- ACTIVITY: Output exactly the lines below, starting with the line that has "Andy Murray, Western" and going on through the line that has "Puzzle stitches plain", both included, and no other lines.
• • • • • • •
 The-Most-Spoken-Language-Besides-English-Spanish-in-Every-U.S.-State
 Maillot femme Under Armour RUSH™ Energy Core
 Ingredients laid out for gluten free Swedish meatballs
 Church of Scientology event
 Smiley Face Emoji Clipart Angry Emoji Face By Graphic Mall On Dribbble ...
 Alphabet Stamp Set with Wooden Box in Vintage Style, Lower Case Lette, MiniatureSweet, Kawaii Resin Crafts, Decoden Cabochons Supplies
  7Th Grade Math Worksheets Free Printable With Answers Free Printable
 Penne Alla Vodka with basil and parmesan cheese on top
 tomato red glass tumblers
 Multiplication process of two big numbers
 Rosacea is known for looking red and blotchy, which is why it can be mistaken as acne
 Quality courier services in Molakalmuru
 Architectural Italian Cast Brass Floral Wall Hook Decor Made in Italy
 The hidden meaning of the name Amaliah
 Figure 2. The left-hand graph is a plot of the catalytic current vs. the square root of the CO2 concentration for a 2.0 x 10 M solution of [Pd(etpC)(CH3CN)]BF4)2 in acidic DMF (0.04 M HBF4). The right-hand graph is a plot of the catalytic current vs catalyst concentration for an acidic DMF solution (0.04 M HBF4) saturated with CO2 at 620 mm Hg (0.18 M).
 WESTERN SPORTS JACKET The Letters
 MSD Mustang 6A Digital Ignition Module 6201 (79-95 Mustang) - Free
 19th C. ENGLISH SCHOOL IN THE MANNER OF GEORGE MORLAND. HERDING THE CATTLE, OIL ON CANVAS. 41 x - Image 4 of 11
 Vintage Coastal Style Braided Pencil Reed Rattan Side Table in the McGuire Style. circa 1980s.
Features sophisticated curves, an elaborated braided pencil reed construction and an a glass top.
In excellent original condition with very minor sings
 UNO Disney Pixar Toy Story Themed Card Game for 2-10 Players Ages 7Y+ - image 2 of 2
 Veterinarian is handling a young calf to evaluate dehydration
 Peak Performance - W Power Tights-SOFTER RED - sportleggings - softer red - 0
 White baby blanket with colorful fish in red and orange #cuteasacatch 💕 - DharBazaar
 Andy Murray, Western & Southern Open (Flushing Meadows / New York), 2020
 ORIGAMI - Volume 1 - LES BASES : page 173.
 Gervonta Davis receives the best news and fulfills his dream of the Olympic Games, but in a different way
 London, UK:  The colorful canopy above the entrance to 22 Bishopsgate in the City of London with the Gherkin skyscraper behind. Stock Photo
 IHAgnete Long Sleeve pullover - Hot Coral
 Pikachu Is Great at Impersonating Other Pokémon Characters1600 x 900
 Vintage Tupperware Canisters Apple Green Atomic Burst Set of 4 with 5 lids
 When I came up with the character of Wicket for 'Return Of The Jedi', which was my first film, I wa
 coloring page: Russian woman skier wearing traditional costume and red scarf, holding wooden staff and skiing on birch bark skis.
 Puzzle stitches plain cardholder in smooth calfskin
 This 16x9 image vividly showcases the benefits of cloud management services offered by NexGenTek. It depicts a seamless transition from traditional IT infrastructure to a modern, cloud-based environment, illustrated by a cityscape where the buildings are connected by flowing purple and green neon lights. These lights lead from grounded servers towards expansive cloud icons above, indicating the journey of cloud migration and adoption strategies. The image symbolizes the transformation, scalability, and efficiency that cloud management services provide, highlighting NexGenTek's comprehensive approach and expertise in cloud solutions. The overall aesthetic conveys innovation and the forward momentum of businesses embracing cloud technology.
• • • • • • •
- RESULT FOR THIS TASK:
 Andy Murray, Western & Southern Open (Flushing Meadows / New York), 2020
 ORIGAMI - Volume 1 - LES BASES : page 173.
 Gervonta Davis receives the best news and fulfills his dream of the Olympic Games, but in a different way
 London, UK:  The colorful canopy above the entrance to 22 Bishopsgate in the City of London with the Gherkin skyscraper behind. Stock Photo
 IHAgnete Long Sleeve pullover - Hot Coral
 Pikachu Is Great at Impersonating Other Pokémon Characters1600 x 900
 Vintage Tupperware Canisters Apple Green Atomic Burst Set of 4 with 5 lids
 When I came up with the character of Wicket for 'Return Of The Jedi', which was my first film, I wa
 coloring page: Russian woman skier wearing traditional costume and red scarf, holding wooden staff and skiing on birch bark skis.
 Puzzle stitches plain cardholder in smooth calfskin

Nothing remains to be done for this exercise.